Diterjemahkan otomatis

Saudari dan Saudara, Aku Butuh Doa Kalian untuk Mimpi Umrah Kami

Assalamu Alaikum semuanya! Kalau kalian sedang menunaikan Umrah di Makkah atau Madinah, aku dengan tulus mohon kalian berdoa dari hati untuk keluargaku dan aku. Perjalanan kami dibatalkan karena konflik di Timur Tengah, jadi kami kehilangan kesempatan kali ini. Rasanya setiap upaya yang kami lakukan selama 7-8 tahun terakhir selalu terhambat-selalu ada saja sesuatu yang muncul. Aku sungguh percaya kita hanya bisa mengunjungi Rumah Allah saat Dia mengundang kita, tapi kerinduan di hati kami begitu mendalam. Aku benar-benar, sungguh-sungguh menginginkan undangan itu. Tolong, kalau kalian bisa meluangkan waktu sejenak untuk mendoakan agar Allah memanggil kami ke rumah-Nya yang suci, aku akan sangat berterima kasih tak terhingga. Doa kalian bisa jadi kunci untuk mewujudkan mimpi ini. JazakAllah Khair atas kebaikan kalian.

+161

Komentar

Bagikan pandangan Anda dengan komunitas.

Diterjemahkan otomatis

Insha Allah kamu akan mencapainya dalam waktu dekat. Menunggu memang sulit, tapi kamu benar, semuanya sesuai dengan waktu Allah yang tepat.

+8
Diterjemahkan otomatis

Insya'Allah! Semoga Allah menerima semua doa-doamu dan menganugerahimu perjalanan yang indah ini.

+6
Diterjemahkan otomatis

Imanmu begitu kuat. Itulah kuncinya. Allah melihat niatmu.
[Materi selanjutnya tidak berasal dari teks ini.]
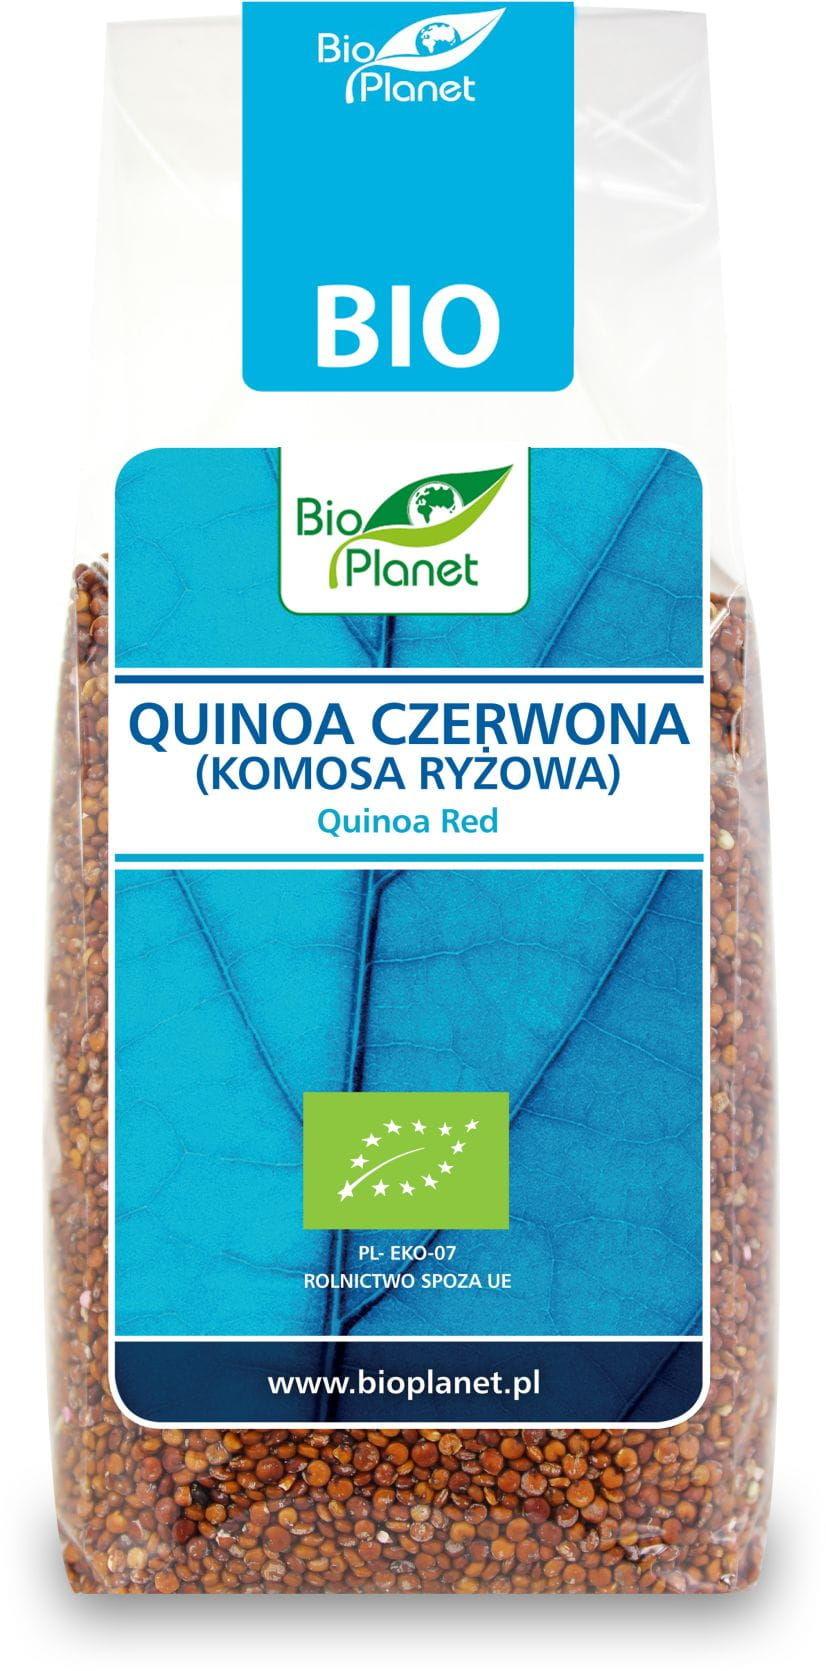 Quinoa Czerwona - Komosa Ryżowa BIO 250g - Bio Planet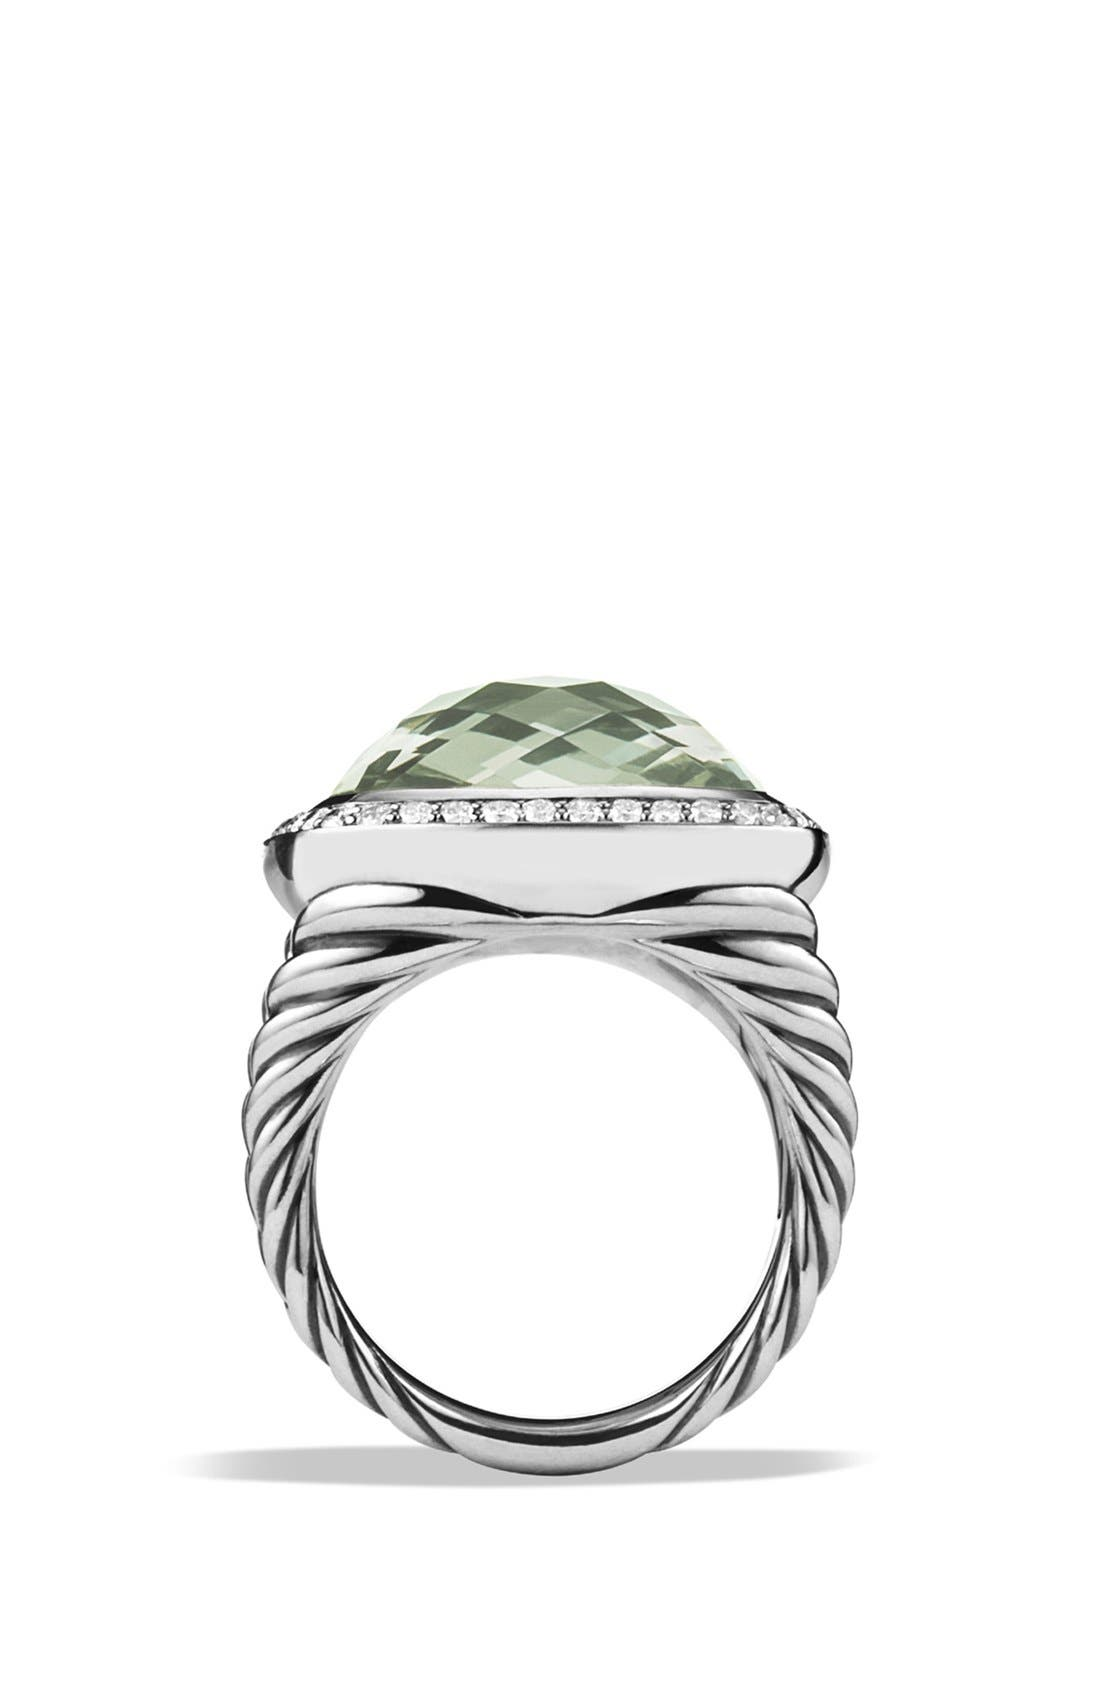 'Albion' Ring with Diamonds,                             Alternate thumbnail 2, color,                             Prasiolite

Aku akan berdoa untukmu setelah setiap salat.

+4
Diterjemahkan otomatis

Membuat mataku berkaca-kaca. Perjalanan kami sempat ditunda dua kali. Rasanya seperti ujian kesabaran. Aku akan berdoa untuk undanganmu, Kak.

+5
Diterjemahkan otomatis

Hatiku terasa perih memikirkanmu. Aku juga terlalu paham dengan kerinduan seperti itu. Aku akan selalu mendoakan keluargamu di Ka'ba minggu depan, insya Allah.

+7
Diterjemahkan otomatis

Semoga Allah membukakan pintu-pintu untukmu. Aku tahu rasanya, orang tuaku butuh waktu 10 tahun. Tetaplah jaga harapanmu tetap hidup!

+9
Diterjemahkan otomatis

Ameen. Semoga Allah memudahkan urusanmu. Doa-doa dari Haram begitu kuat.